After asking an agent to write out a short narration or an ambient loop, I used to take the same detour every time. Export the file, hunt for it in the file manager, open it in a separate player, then come back to the conversation. Each step is small on its own, but when I want to line up several variants and compare them, that round trip quietly eats my focus.
The string of point releases Antigravity shipped in late June (the v2.2.1 line) folded in a small change that pays off daily: inline audio rendering in the conversation view. Audio an agent produces, or that you attach, can now be played without leaving the flow of the conversation.
What inline rendering actually changes
Until now, audio sat there as a linked artifact. Checking it meant stepping outside the conversation, and the moment you step out, you are cut off from the instruction you just gave the agent and from the reasoning behind the parameters you chose. With inline rendering, audio appears as a playable element inside the conversation itself. Instruction, output, and audition all sit in a single vertical thread — that is the biggest shift.
In my own testing, when I asked an agent to "write three takes of the same script with only the voice tone changed," the three takes stacked vertically in the conversation and I played them top to bottom to compare. Just removing the export-and-open step noticeably lowers the friction of A/B listening.

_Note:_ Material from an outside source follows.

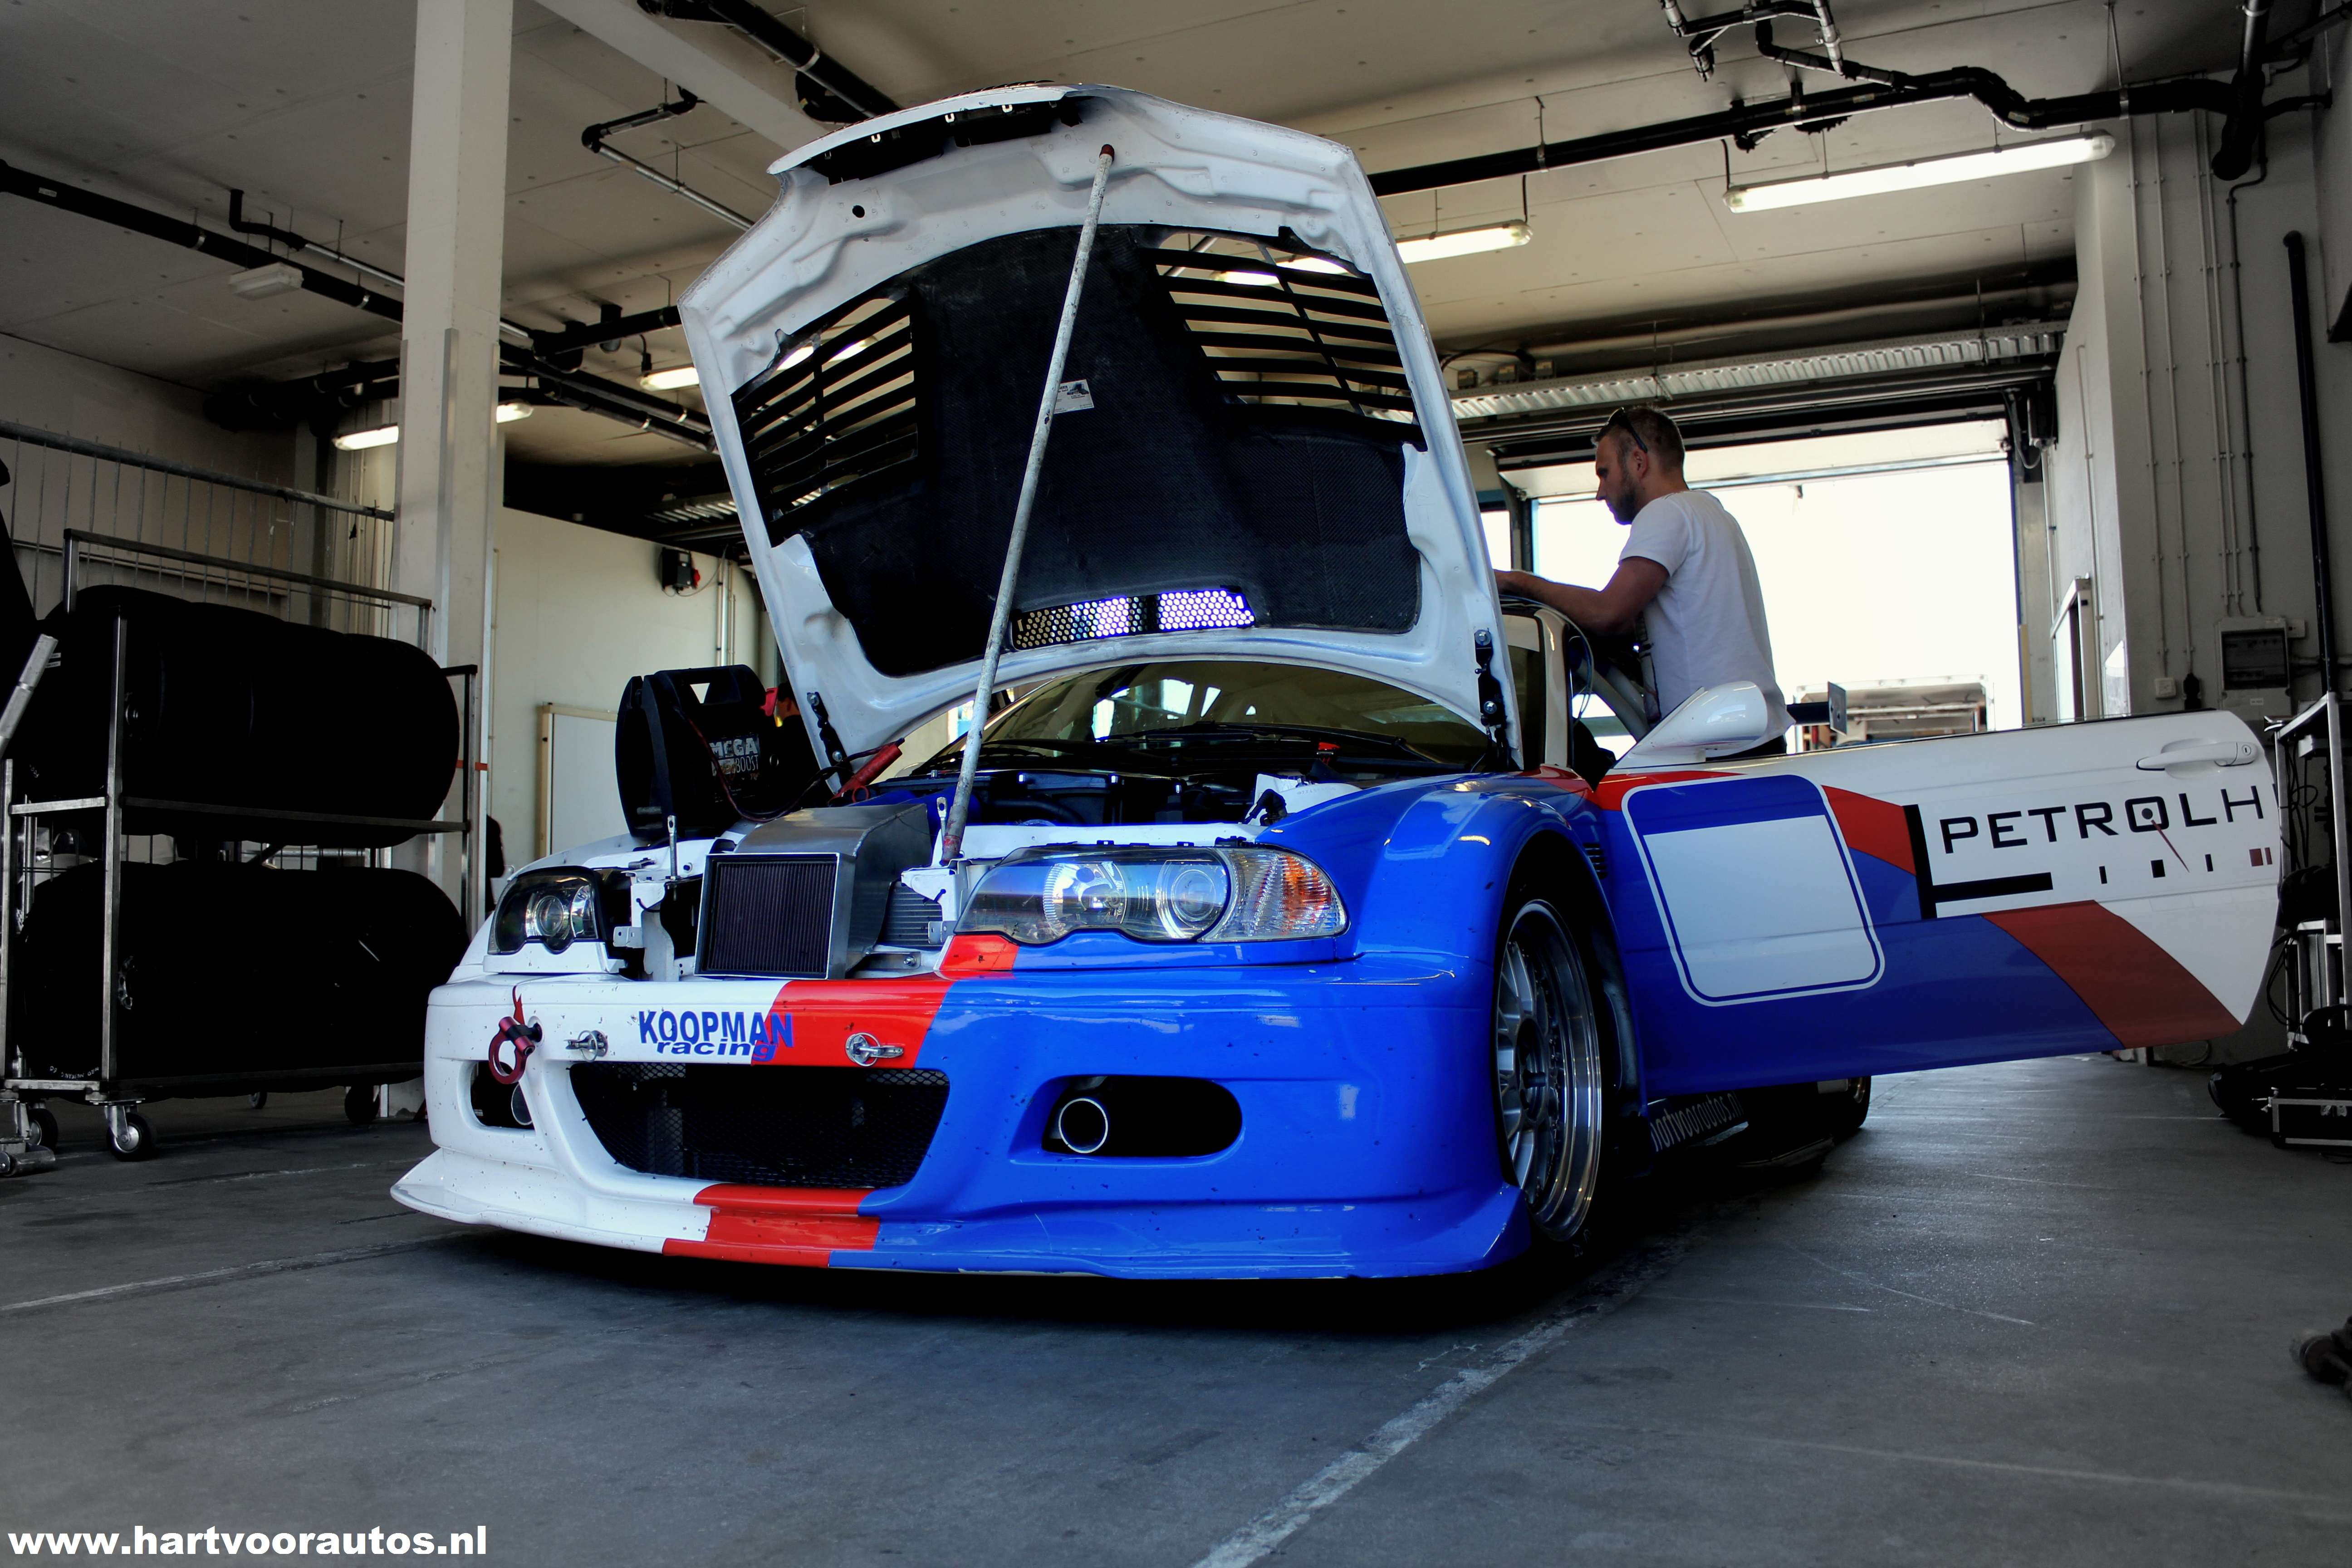 BMW M3 E46 GTR - www.hartvoorautos.nl

The bottleneck was auditioning, not generation
When we hand audio work to an agent, we tend to fixate on how fast and how well it can generate. But as an indie developer shipping apps that carry their own audio, what actually slows me down is the auditioning step, not generation. Producing ten takes is instant; listening to ten takes, judging them, and deciding which one to ship is human ear-work, and that does not get faster.
That is exactly why trimming the incidental steps around listening — export, file hunting, app switching — matters more than it looks. Doubling generation speed does not speed up judgment, but removing the audition round trip shortens the listen-reject-redo loop directly. The thing agent workflows genuinely shorten, I think, is the time it takes to reject a candidate.

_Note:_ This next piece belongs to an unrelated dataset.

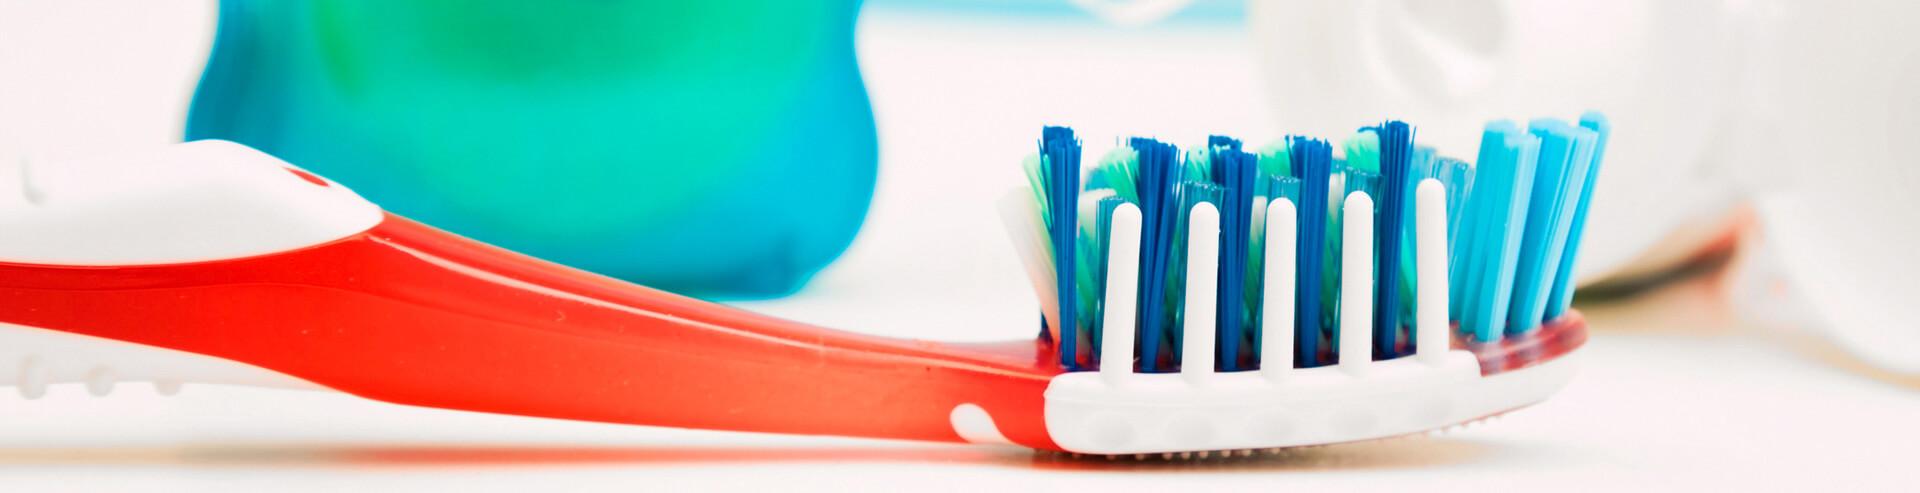 General Dentistry & Hygiene

Using the conversation itself as an audition log
Because playback is inline now, you can run the conversation view as an audition log. I keep two small rules.
First, when I have an agent produce candidates, I make it attach a meaningful label to each filename. Something like narration_v3_warm_slow, so the name tells me what each version changed. Later, scrolling back through the conversation, I can trace which sound matched which intent from both the ear and the name.

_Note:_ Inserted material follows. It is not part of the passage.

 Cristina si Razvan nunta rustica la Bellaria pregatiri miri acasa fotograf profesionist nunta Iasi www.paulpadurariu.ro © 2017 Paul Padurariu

Second, I leave a one-line text note on whether I kept or dropped each take. Just writing "Keeping v3. v2 ends too stiff" turns the conversation into a record of the decision. The next time I rebuild audio for the same app, the old rejection reasons are right there to reuse. For navigating long threads, pairing this with the search approach I described in Tracing What a Long Agent Run Actually Did: Review That Starts From In-Conversation Search makes the audition log even easier to pull from.
Where I draw the line on inline playback
The more convenient it gets, the more I want a clear boundary. I treat in-conversation playback strictly as a way to confirm direction quickly. Final loudness, export format, and how a clip actually sounds on a device are not things browser or editor playback can settle.
When I work on loops or notification sounds, I narrow the candidates inline and then always drop them into the real app and play them on the device. A sound that works in a quiet room often reads differently outdoors, played softly through a phone speaker. Inline playback is the first round; on-device checking is the final round — that two-stage setup cuts steps without lowering quality. For building voice agents at production quality, I go deeper in Building Voice AI Apps with ElevenLabs and Antigravity — A Practical Development Guide.
Small point releases rarely make headlines, and they are easy to skim past. But a change like inline audio rendering — one that removes a single step from a tool you touch every day — adds up and genuinely shifts the rhythm of the work. Next time you ask an agent for audio, stop before you export and open it, and just listen right there in the conversation.